One setting on the voltage range is 1MV. What is that thing?
In the olden days some US vendors did not fully appreciate that SI units are case significant. milli and Mega must of course be discerned by case. hp was also responsible for such misses on some devices.
As to what it is, it is a valve voltmeter or "vacuum tube volt meter", VTVM for short. The classic model everyone else tried to copy is the hp 410b which is much more competent than this Eico. Not that the Eico is bad; the 410b is simply exceptional, with AC measurement up to 700MHz, with DC and resistance ranges to boot.
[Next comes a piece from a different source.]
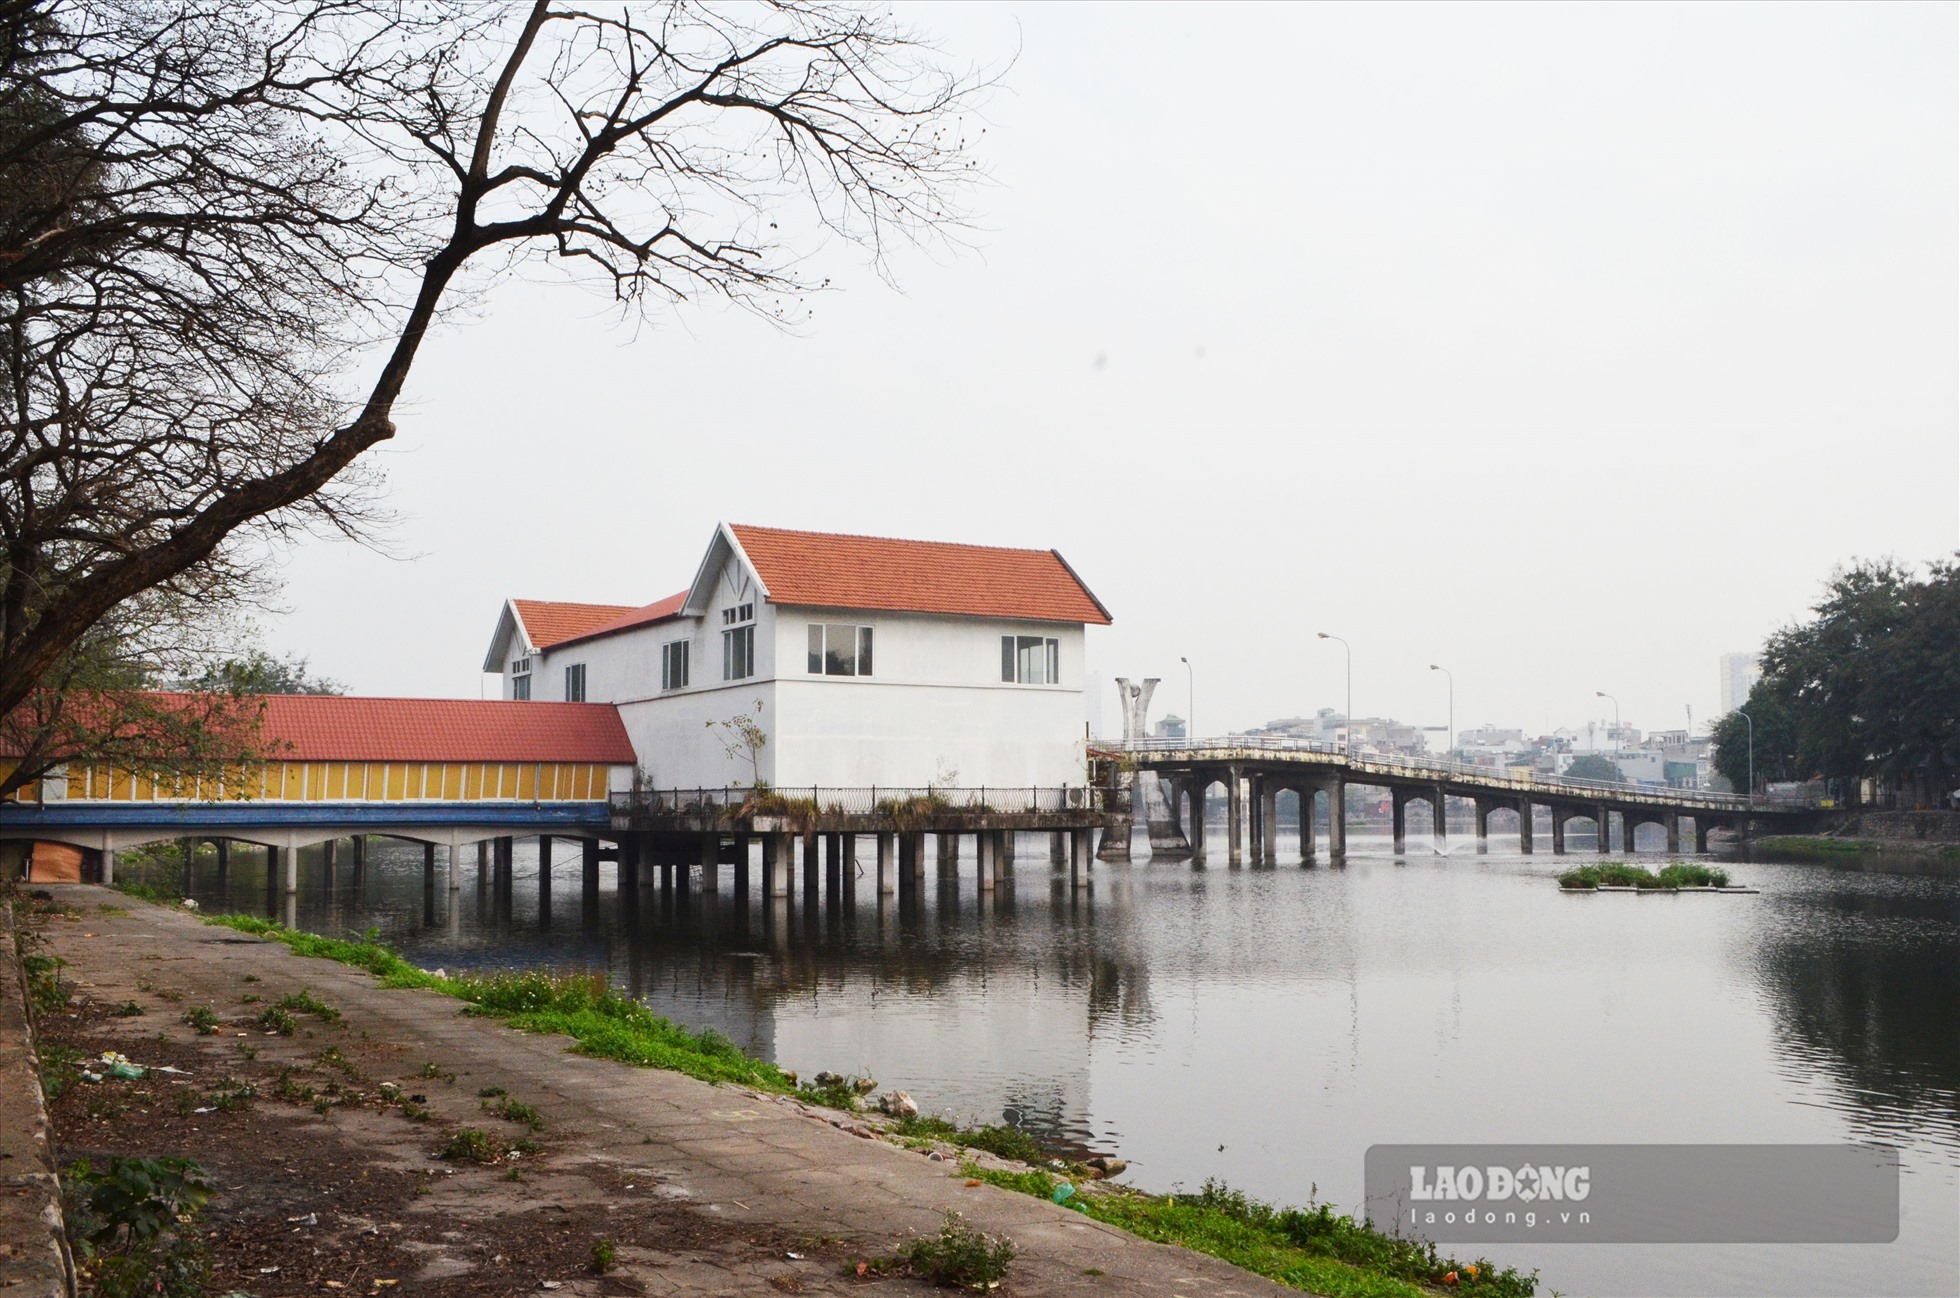 Đoạn cầu qua hồ Thanh Nhàn, nhà nổi được xây dựng kiên cố, tồn tại đã nhiều năm.

Why was there such a focus on them being valve voltmeters? Well, for starters, the only electronic amplifier available was the valve. Very early VTVMs started appearing in the 30s, and were perfected in the early 50s. And, with the alternative being electromechanical meters like the Avometer or the Simpson, where, even in those quality instruments, there is a low resistance in the meter (affecting the DUT and the reading) and bad AC frequency response (most likely not above 20KHz, and even that was a stretch) it obviously was important to point out things like a DCV resistance in the range of 10MΩ and AC response up into UHF.
I've wanted one since I read the service instructions for 60s HiFi gear stating "you need a VTVM to get this right, don't try it with a purely mechanical instrument". As a consequence, a lot of gear was shipped with service manuals that said "if you're using an Avometer 8, this is the value you should be seeing at test point 46" e
You can get a cheap one like the Heathkit VTVM for perhaps $50, with lots of variation in price. I've got an ex MoD Marconi. Temperamental, but works.
HP410C is my favourite!
We used them, back in the day, along with the hp coaxial sampler to measure power on lower power TV transmitters, using V^2/R.
The good thing was that the probe was a "sample & hold" type, so we could read the RMS value of the "sync tip" voltage, & directly calculate "sync tip power", as that was what the specification for vision/aural power was specified w.r. t.
I picked one up a couple of years ago at a Hamfest--- the "ac zero" pot was jammed, but a bit of "working " of it back & forth cleared the problem.
As is common with old ones like this, the centre spike from the DC probe is missing, but everything else works well, now.
As to using an AVO 8, both Tektronix & Marconi often built in voltage dividers to a test point, so that critical voltages could be checked with an AVO, Simpson, or similar VOMs.
A.T.E. tube type VHF point to point Radio links provided special test points so that grid & anode currents could be read with an AVO 8.
All good, except if you are trying to "peak the grid & dip the plate" at a minesite, where the primary function of the power station was to power an enormous machine which, every time it dug into the ore face caused the Mains to dip alarmingly.
You would be just approaching an anode dip, when the lights would suddenly dip, & the AVO would go crazy!
We had Stabilacs, but the voltage drop was too severe & too fast for them to handle.